Aims: Transmural lesion formation is critical to success in atrial fibrillation ablation and is dependent on left atrial wall thickness (LAWT). Pre- and peri-procedural planning may benefit from LAWT measurements.
Methods and results: To calculate the LAWT, the Laplace equation was solved over a finite element mesh of the left atrium derived from the segmented computed tomographic angiography (CTA) dataset. Local LAWT was then calculated from the length of field lines derived from the Laplace solution that spanned the wall from the endocardium or epicardium. The method was validated on an atrium phantom and retrospectively applied to 10 patients who underwent routine coronary CTA for standard clinical indications at our institute. The Laplace wall thickness algorithm was validated on the left atrium phantom. Wall thickness measurements had errors of <0.2 mm for thicknesses of 0.5-5.0 mm that are attributed to image resolution and segmentation artefacts. Left atrial wall thickness measurements were performed on 10 patients.
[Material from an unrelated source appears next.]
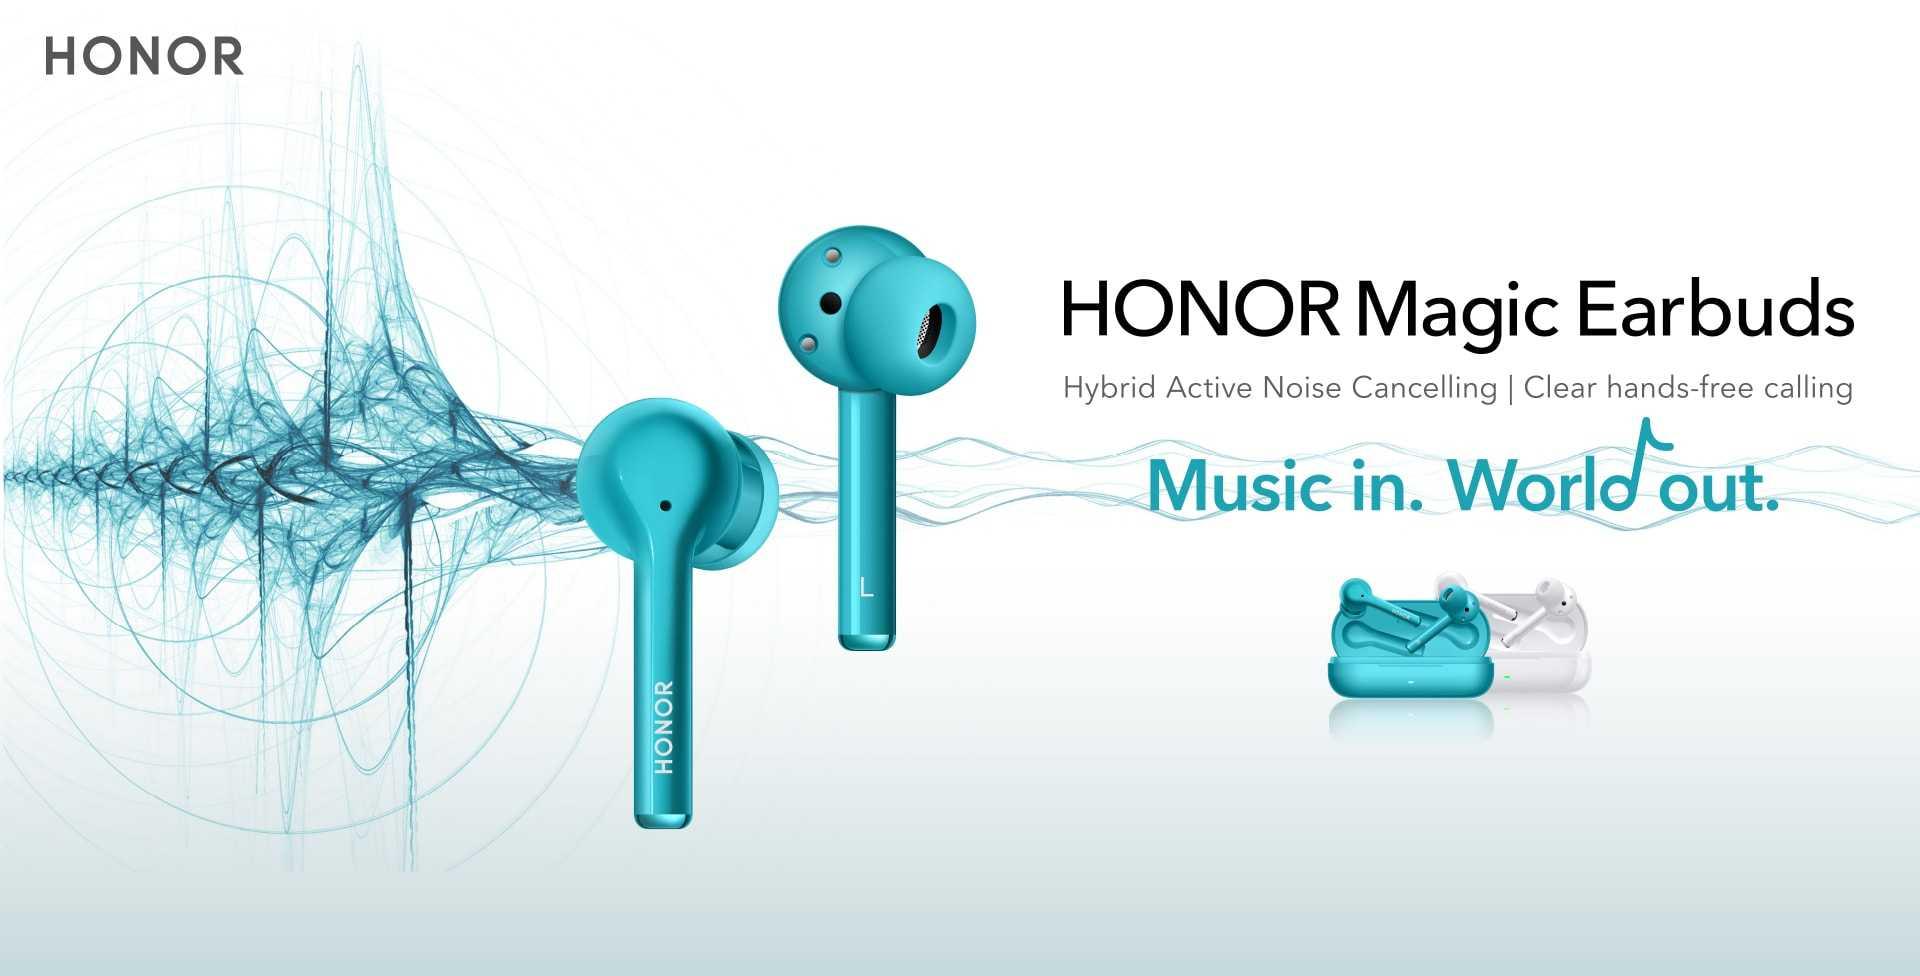 Обзор honor magic earbuds — сочные наушники с активным шумоподавлением

Successful comprehensive LAWT maps were generated in all patients from the coronary CTA images. Mean LAWT measurements ranged from 0.6 to 1.0 mm and showed significant inter and intra patient variability.
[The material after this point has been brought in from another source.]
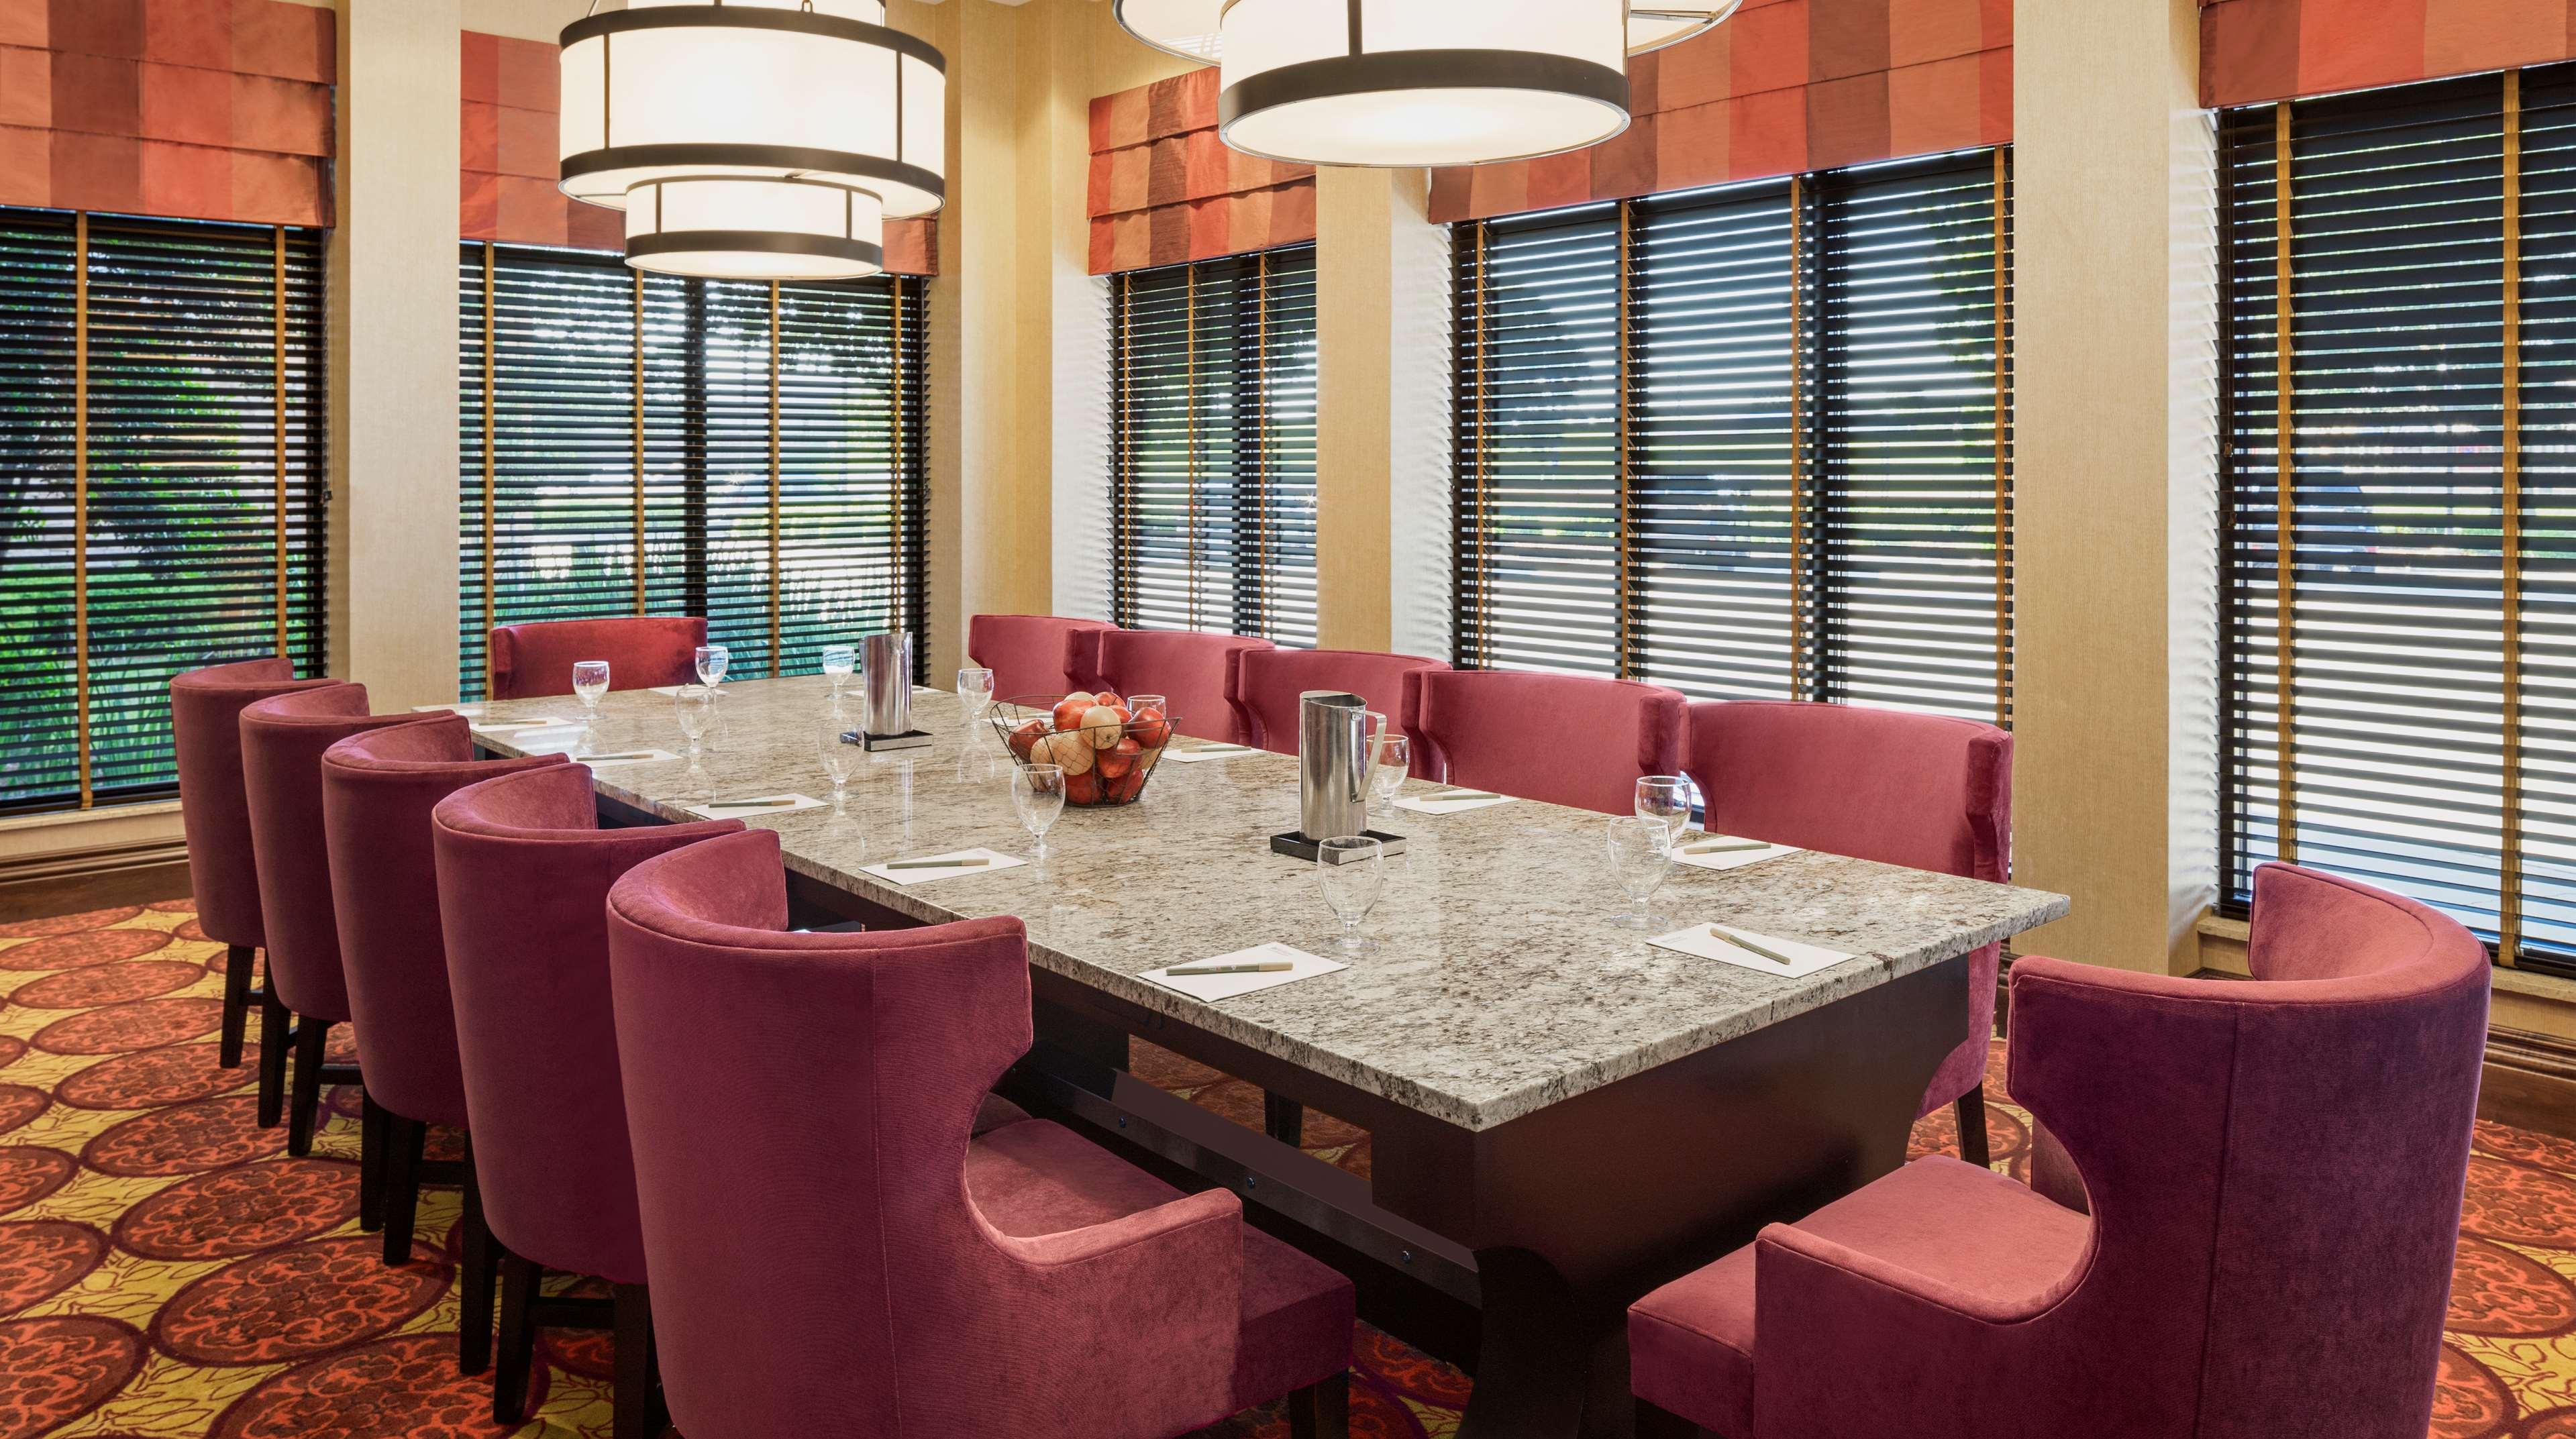 Hilton Garden Inn Shreveport Bossier City image 18

Conclusions: Left atrial wall thickness can be measured robustly and efficiently across the whole left atrium using a solution of the Laplace equation over a finite element mesh of the left atrium. Further studies are indicated to determine whether the integration of LAWT maps into pre-existing 3D anatomical mapping systems may provide important anatomical information for guiding radiofrequency ablation.
Keywords: Ablation; Atrial fibrillation; Cardiac computed tomography; Finite element modelling; Left atrial wall thickness; Mapping.